On paper, the program — Debussy’s Iberia, Fauré’s Suite from Pélleas et Mélisande, Jennifer Higdon’s blue cathedral, and Mozart’s Piano Concerto No. 24 in C Minor, K. 491 — looked rather unremarkable: There were no surprises, no big symphonic works. Denève made all the difference. The conductor, who has been music director of the Royal Scottish National Orchestra since 2005, limned each work with vigor, refinement, and a keen facility for revealing the orchestra’s inner voices.

In Friday’s performance at Davies Symphony Hall, Denève, not surprisingly, made the strongest impression in the all-French second half. With his round spectacles and mop of curly hair, Denève looks a bit like Schubert, yet his podium style recalls the kind of exuberance Bay Area audiences recently witnessed from Gustavo Dudamel, large gestures and hair-tossing included. In stylistic terms, though, the conductor whom Denève most resembles is Charles Dutoit, a superb colorist for whom texture and transparency are paramount.

In the music of Denève’s countrymen, each work came across with uncommon beauty and clarity. He whipped up considerable fervor in Debussy’s Iberia, the swaggering showpiece from the composer’s Images pour Orchestre. Yet what I noted was the care with which he brought each section’s contributions to the fore — the boastful brass, the swaying cellos, the jaunty clarinets — and, shaping each with a masterful hand, integrated them in the larger sound world.

If Fauré’s suite sounded a tad pale in comparison, blame not the conductor or this orchestra. Denève let the performance blossom organically, lavishing attention on the smallest details. The string sound was delicate, beguiling; the famous flute solo of the “Sicilienne” movement, played with lithe, silvery tone by Timothy Day, was especially lovely. (Pairing these works, of course, amounts to a clever feat of musical logrolling; Fauré, who exerted a major influence on Debussy, undertook the incidental music for a London production of Maurice Maeterlinck’s play only after Debussy was offered the assignment and declined, believing that the play might be fertile material for an opera — and the rest, as they say, is history.)

Refined, Beautiful Playing

Denève also achieved radiant results with Higdon’s blue cathedral which opened the program. The Philadelphia-based composer, who wrote the piece in 1999 on commission for the 75th anniversary of the Curtis Institute of Music, has often been compared to Barber and Copland.
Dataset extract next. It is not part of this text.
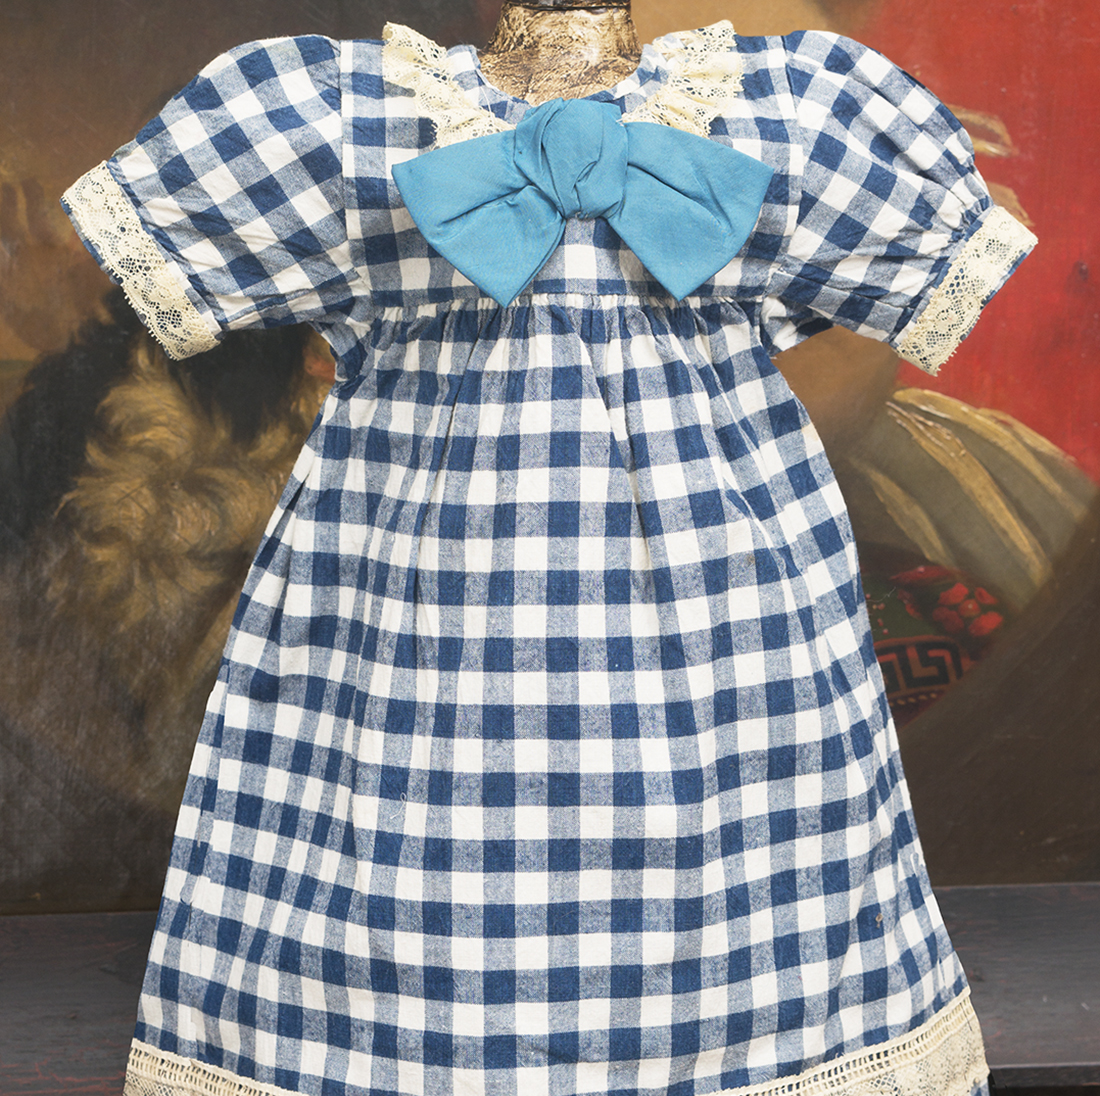 Antique Original Checkered dress

But Denève drew inspiration for the work from his mastery of the program’s French music, making it seem a natural descendant of Fauré and Debussy. I’ve heard Higdon’s score in other settings, though never played with such beauty and refinement. The soft chiming of bells that opened Friday’s performance; the open intervals of the low strings that followed close behind; the interplay between flute, clarinet, and solo violin — all were gracefully articulated.

In the middle section, the music grows denser, more active, but it’s in the final pages, rung to a close with the tolling sound of a prepared piano, that Higdon achieves a sense of timelessness. Denève conducted it like a benediction. These concerts represented the first S.F. Symphony performances of blue cathedral, and the conductor ushered it into the orchestra’s repertoire with admirable sensitivity.

In between, there was Mozart’s Piano Concerto No. 24, with Piotr Anderszewski as soloist. Under Denève’s direction, the Polish pianist gave a graceful, elegant performance. Neither the conductor nor his soloist tried to artificially brighten this essentially dark-hued work, though Anderszewski’s deft passagework in the outer movements was dazzling. Still, Mozart’s slow movement tells the tale. Chirping woodwinds and that insistent little tune for violins aside, the music is quietly somber, and Denève, always mindful of balances, applied painterly dabs of color to brilliant effect.